The US conducts a formal census of its population every 10 years. From that information, seating distributions are reallocated for state legislatures and the US House of Representatives, which also determines state power in presidential elections. That process is now under way for the 2022 elections, at the same time as Republicans in the aftermath of Mr Trump’s defeat have been making concerted efforts to restrict voting rights in several states, feeling their supporters are better positioned to overcome whatever procedural hurdles they impose.

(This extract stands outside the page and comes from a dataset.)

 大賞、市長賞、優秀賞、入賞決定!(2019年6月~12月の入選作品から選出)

That politically charged atmosphere raises the importance of understanding and affirming gerrymandering that disadvantages college students, Dr Thomas said. The US has nearly 20 million college students, and the Tufts report noted that they are relatively young, female and racially diverse, making them an important target for suppression efforts by conservative strategists.

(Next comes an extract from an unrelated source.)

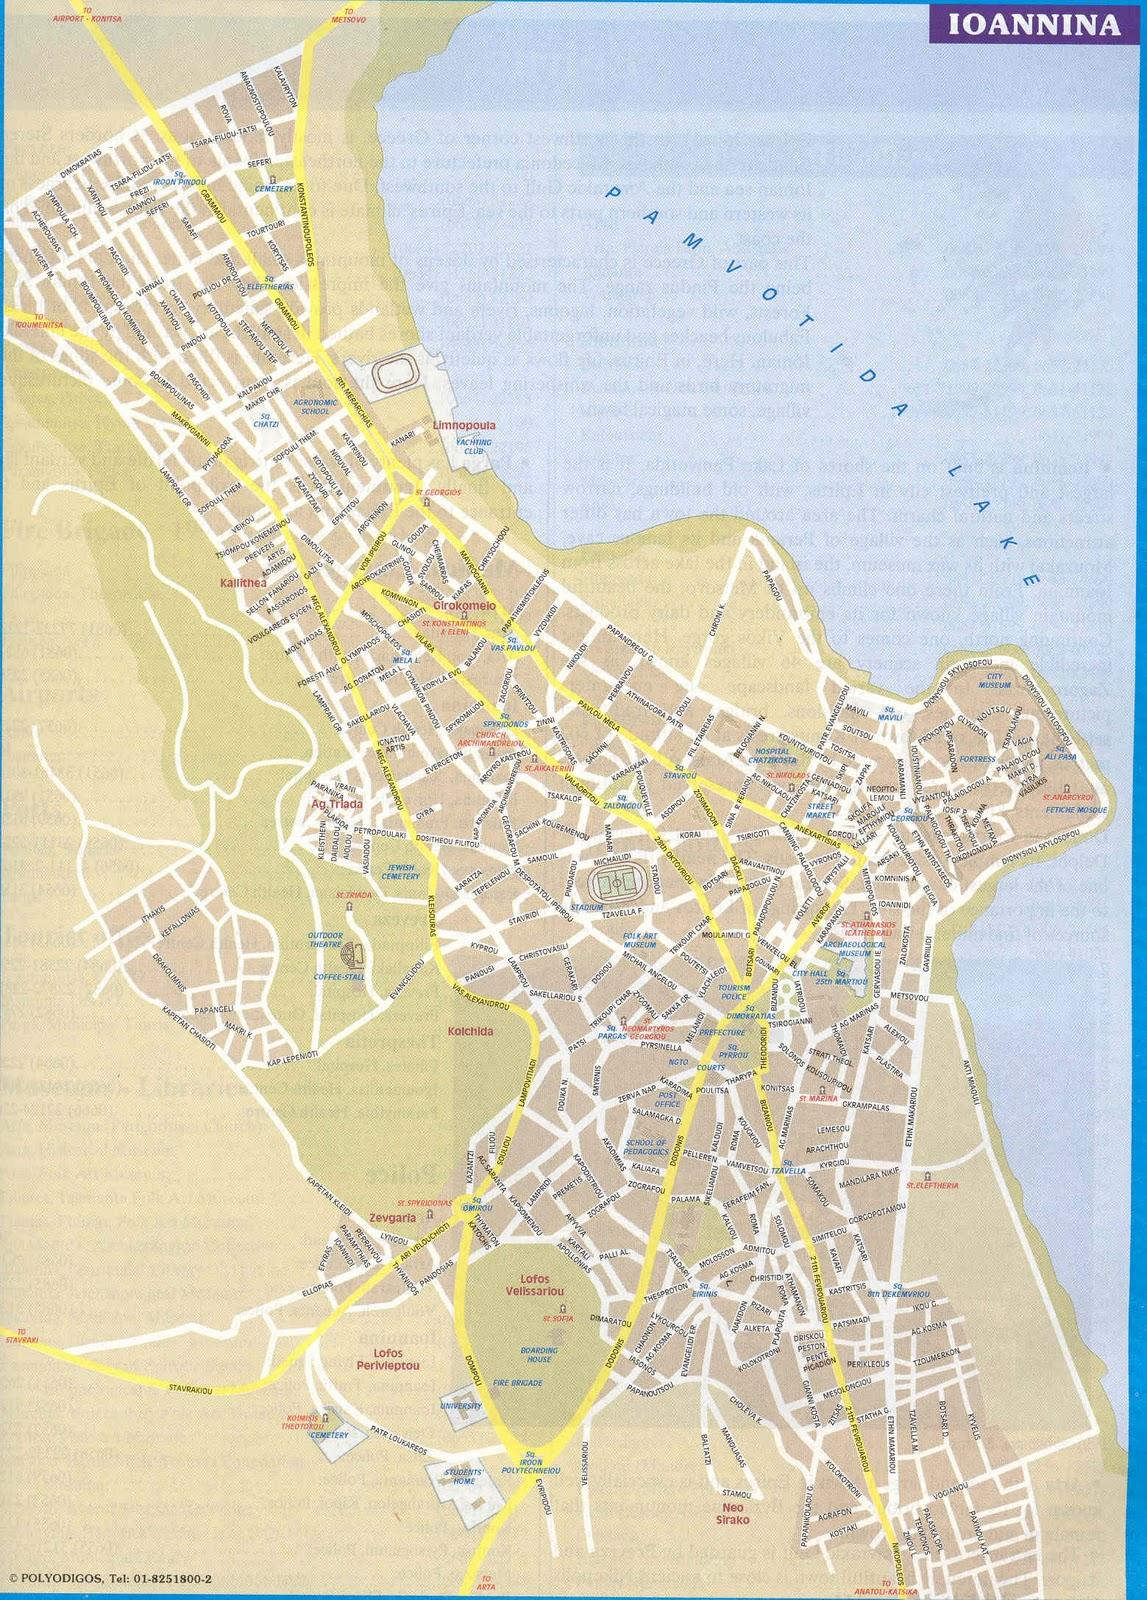 MAPS OF GREECE MAP OF CITIES OF GREECE PLAN DE VILLES DE GRECE

And student turnout in the past three national elections – above 50 per cent in the two presidential elections and about 40 per cent in the 2018 congressional vote – has helped challenge the idea of students as a low-value group that is more likely to protest than actually cast a vote.
For conservatives hoping to dampen that surge, gerrymandering looms as a critical tool. A 2019 Harvard University study analysed state legislative elections in seven states in 2012 where Republican-controlled legislatures redrew districts after the previous census to maximise the waste of Democratic votes. Candidates from the two major parties in those seven states received about 16.5 million votes each, but Republicans won 73 seats to 34 for Democrats, it said.
That type of great imbalance risks being amplified with the results of the 2020 census, Dr Thomas said, because 19 states – all controlled by Republican legislatures – have already passed laws this year restricting voting rights.
Actions aimed at limiting student votes also appear to have a major racial component, the Tufts analysis found. Its data showed that districts around college campuses were more likely to have been gerrymandered if their communities were bigger and if they had larger minority student populations.
Andrew Taramykin, a sophomore at the University of Florida, told a briefing arranged by the Tufts research team that he knows of fellow students in Gainesville who live across the street from each other and yet belong to different legislative districts.
“When we’re split into multiple districts,” said Mr Taramykin, a member of the Campus Vote Project advocacy group, “we’re only further outnumbered by the communities that surround us, which often tend to be much older, much whiter, and usually have very different political interests than what we have.”
College students won a key voting rights victory in 1979 when the US Supreme Court ruled that they could cast ballots in their campus communities.
Mr Taramykin, however, said he chooses to vote in his hometown in Florida, where the relatively close balance between the two main political parties makes his participation “more politically valuable” than it is in Gainesville, where he spends most of his time.
Dr Thomas said she saw no equivalency between that kind of strategic decision and the political manipulation represented by gerrymandering. “I want voters to pick their politicians, not the politicians to pick their voters,” she said.